DIRECTIONS FOR THIS TASK
The material beneath this line should be printed exactly, with its pictures omitted.

INFORMATION SHOWN

----

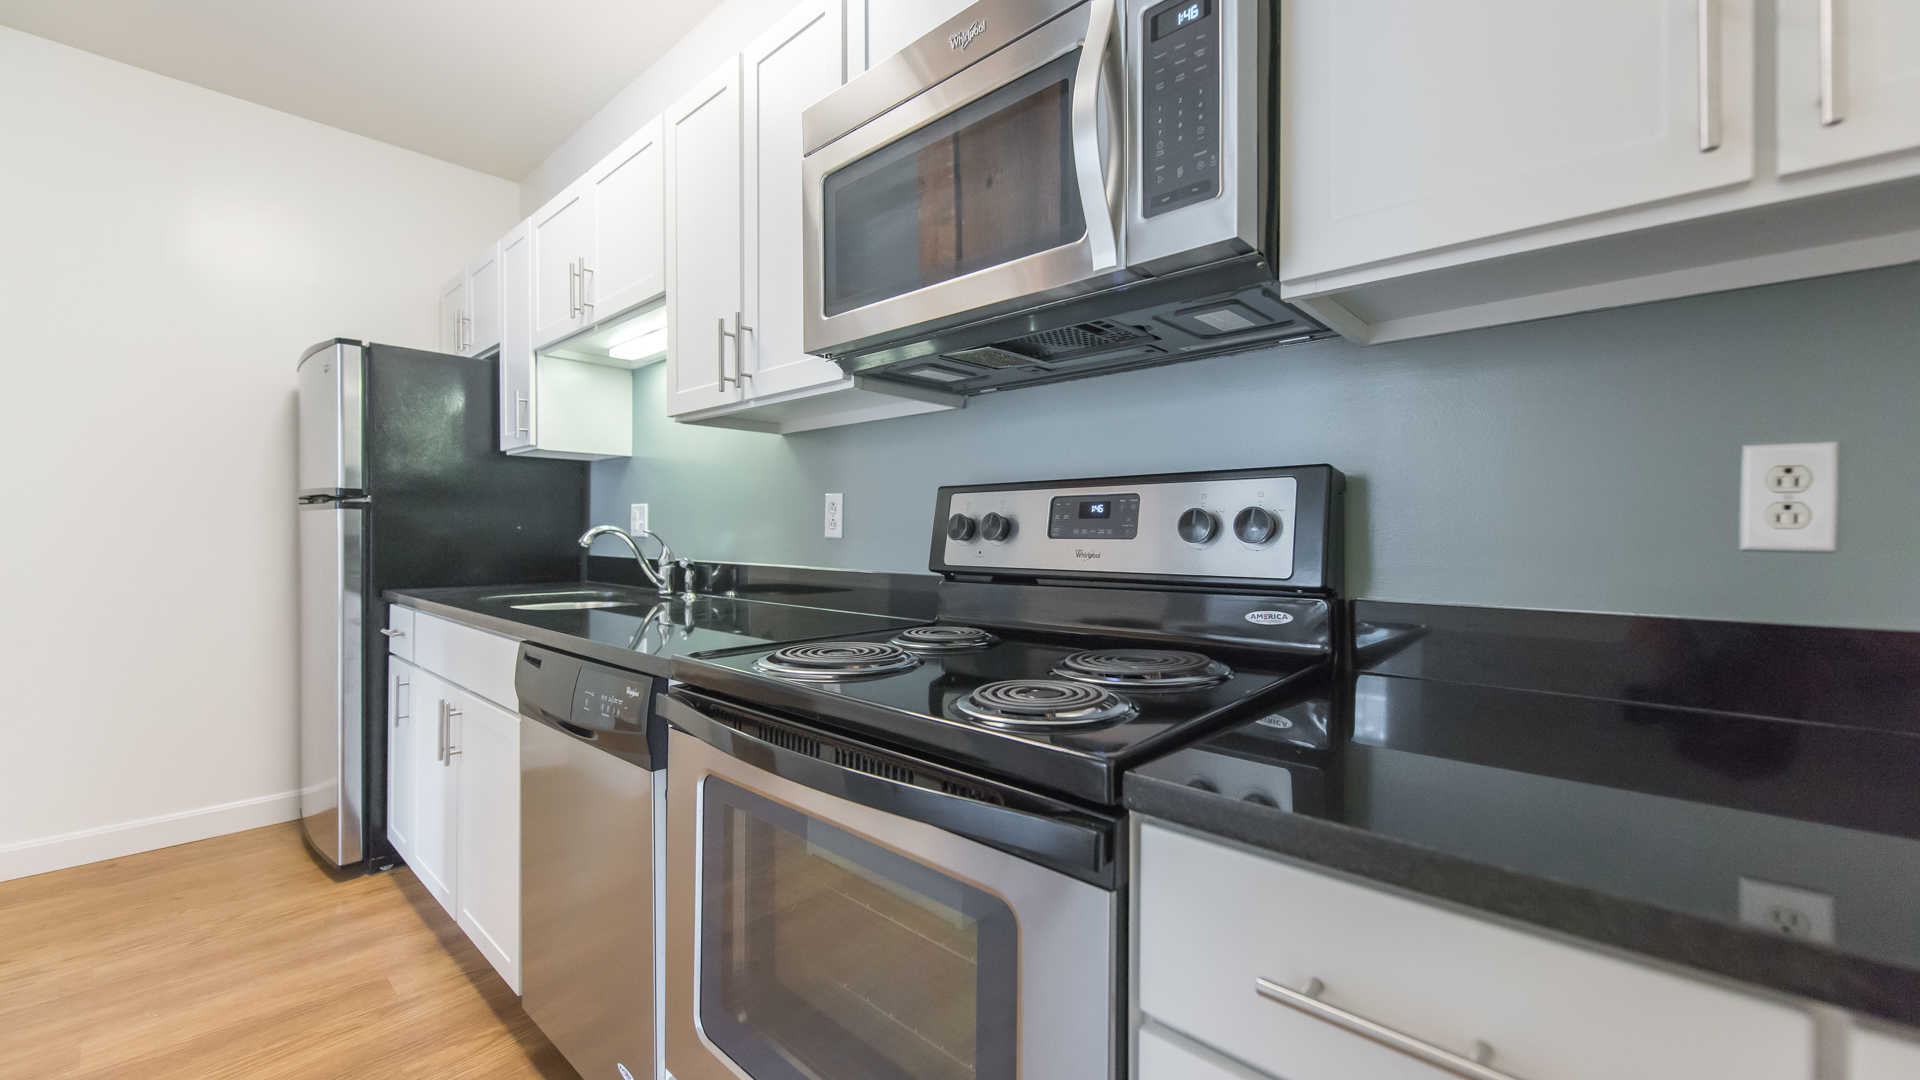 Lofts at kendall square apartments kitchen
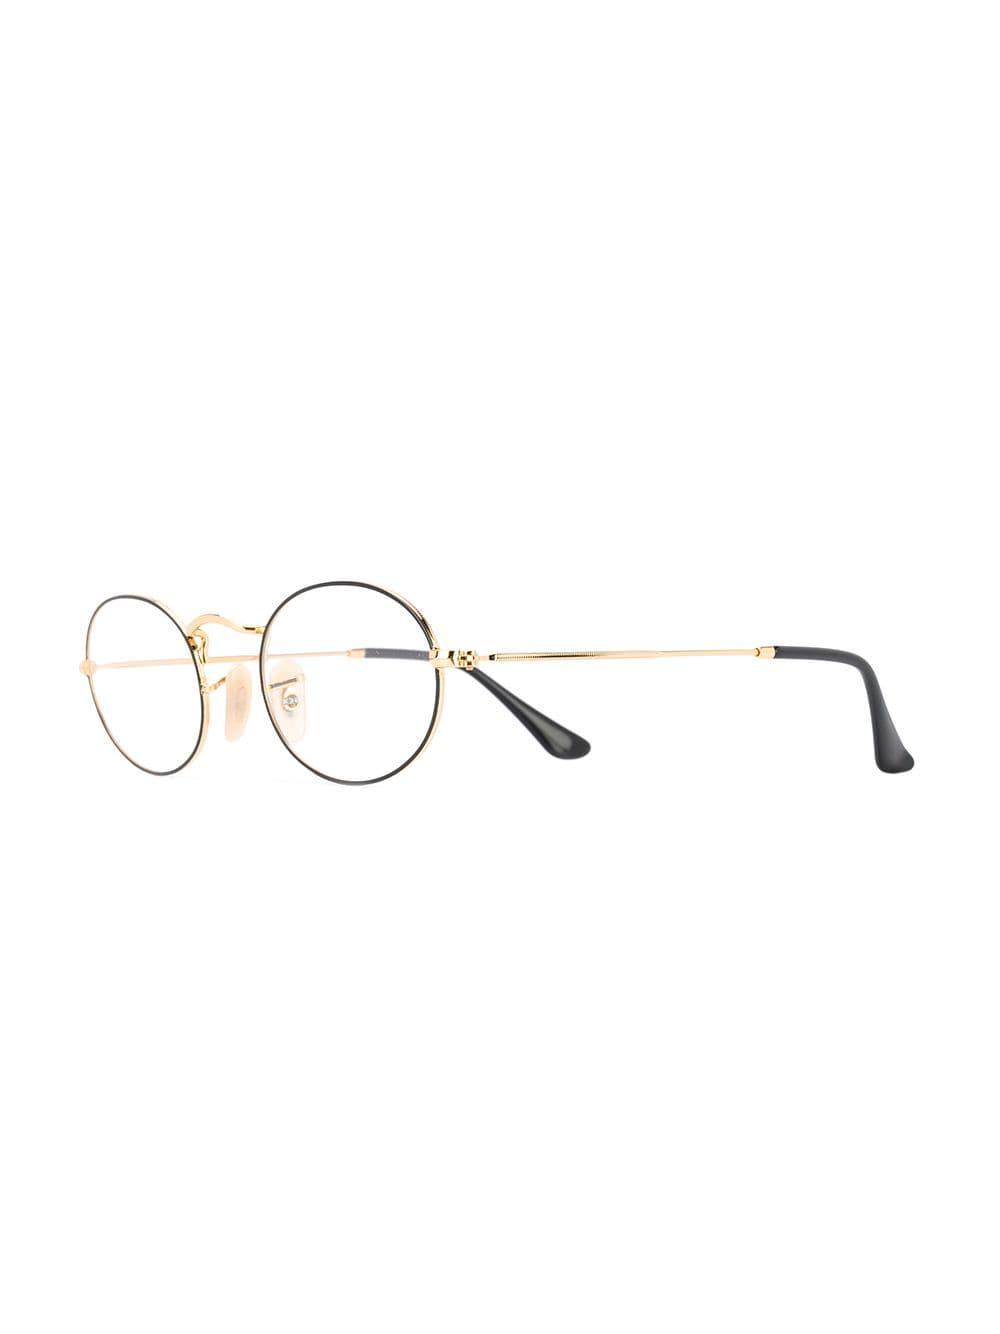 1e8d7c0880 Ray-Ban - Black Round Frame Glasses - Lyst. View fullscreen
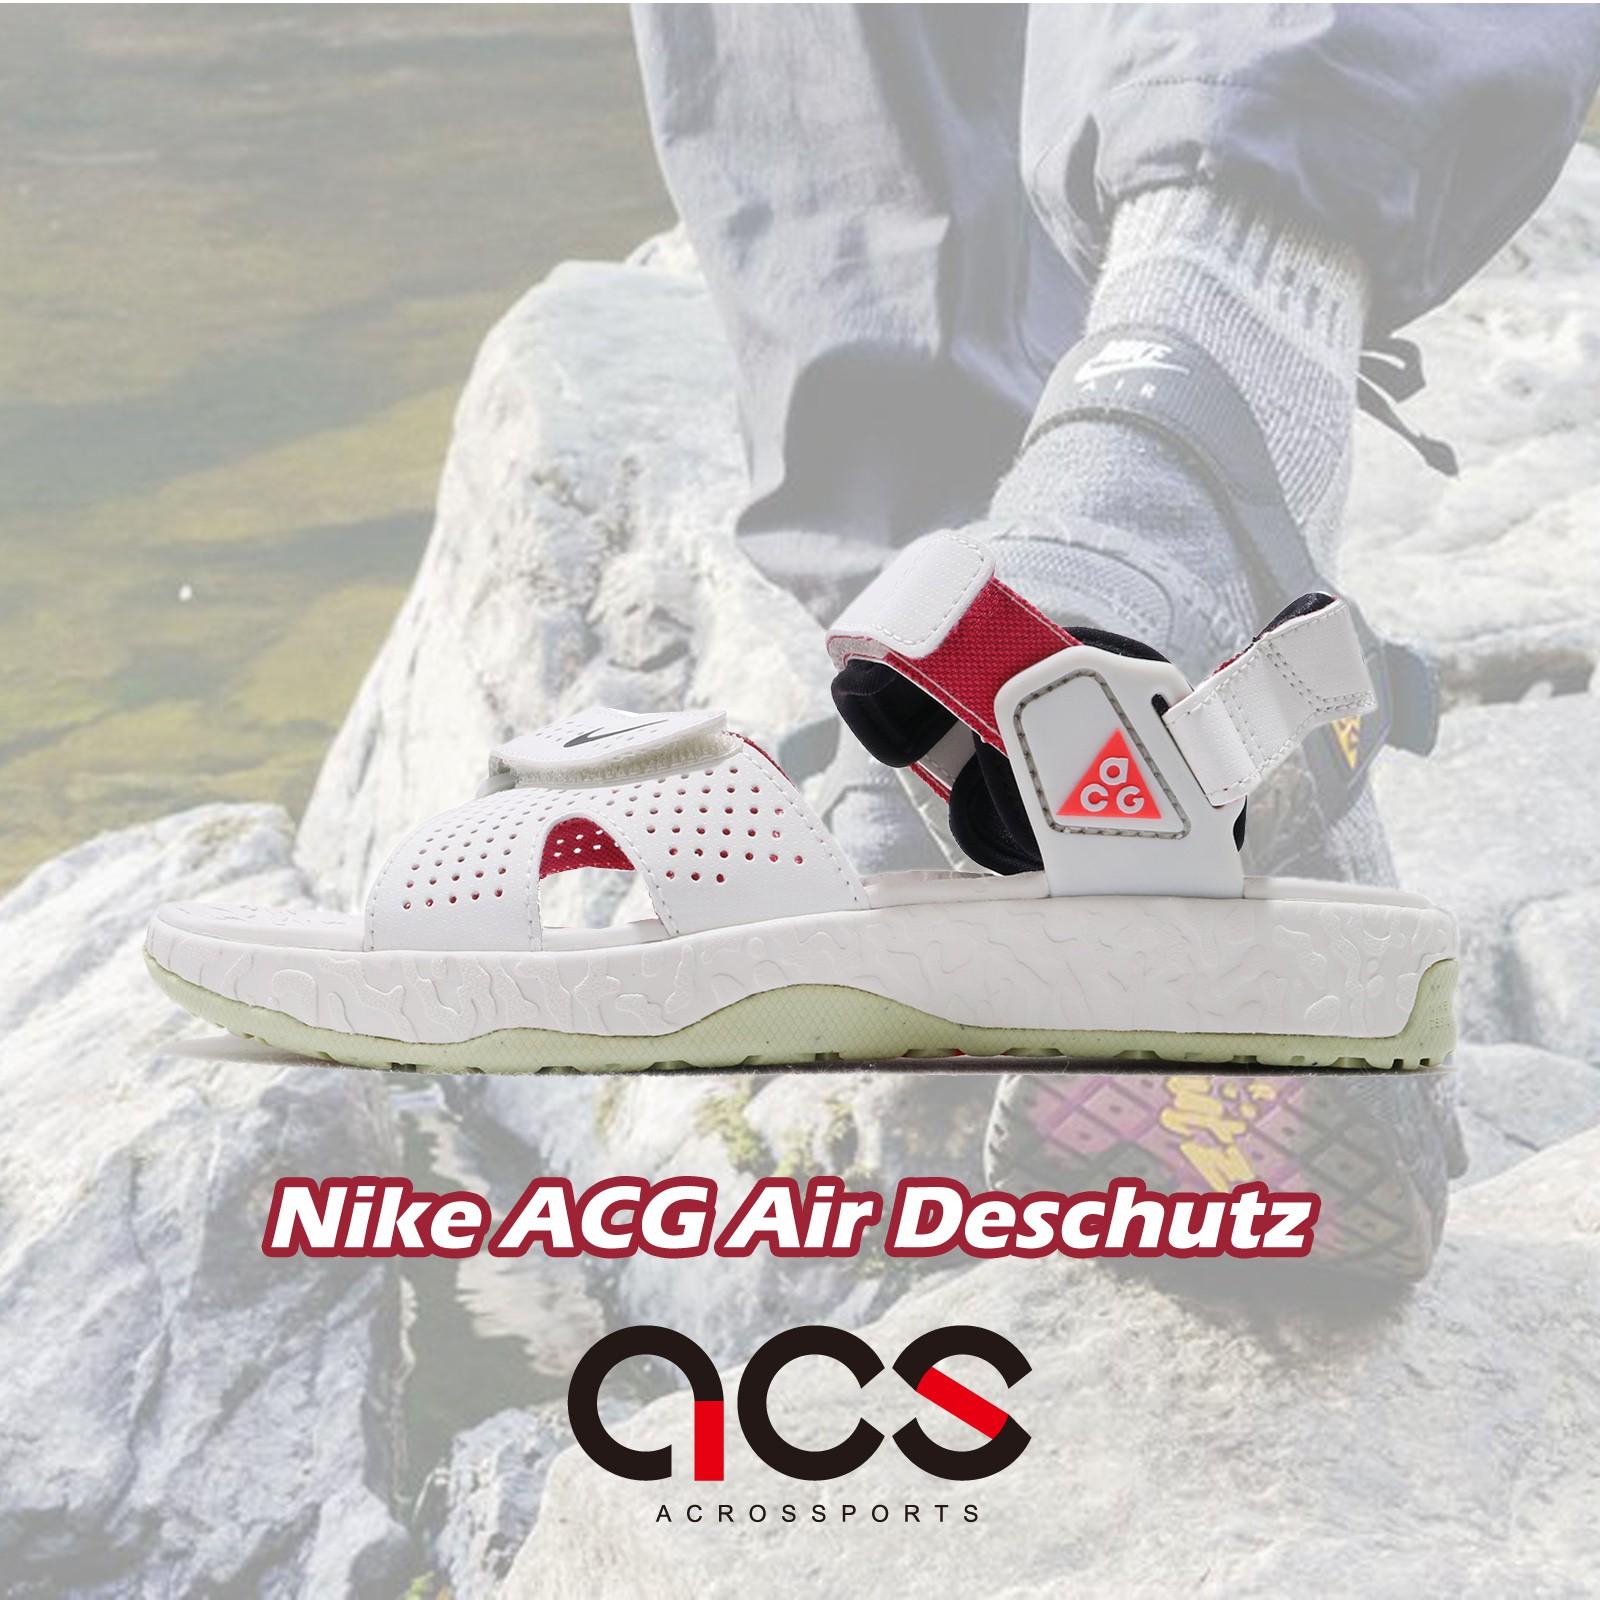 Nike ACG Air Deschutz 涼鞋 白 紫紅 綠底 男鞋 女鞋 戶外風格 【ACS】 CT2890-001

----

SOLUTION FOR THIS TASK
 Lofts at kendall square apartments kitchen
 1e8d7c0880 Ray-Ban - Black Round Frame Glasses - Lyst. View fullscreen
 Nike ACG Air Deschutz 涼鞋 白 紫紅 綠底 男鞋 女鞋 戶外風格 【ACS】 CT2890-001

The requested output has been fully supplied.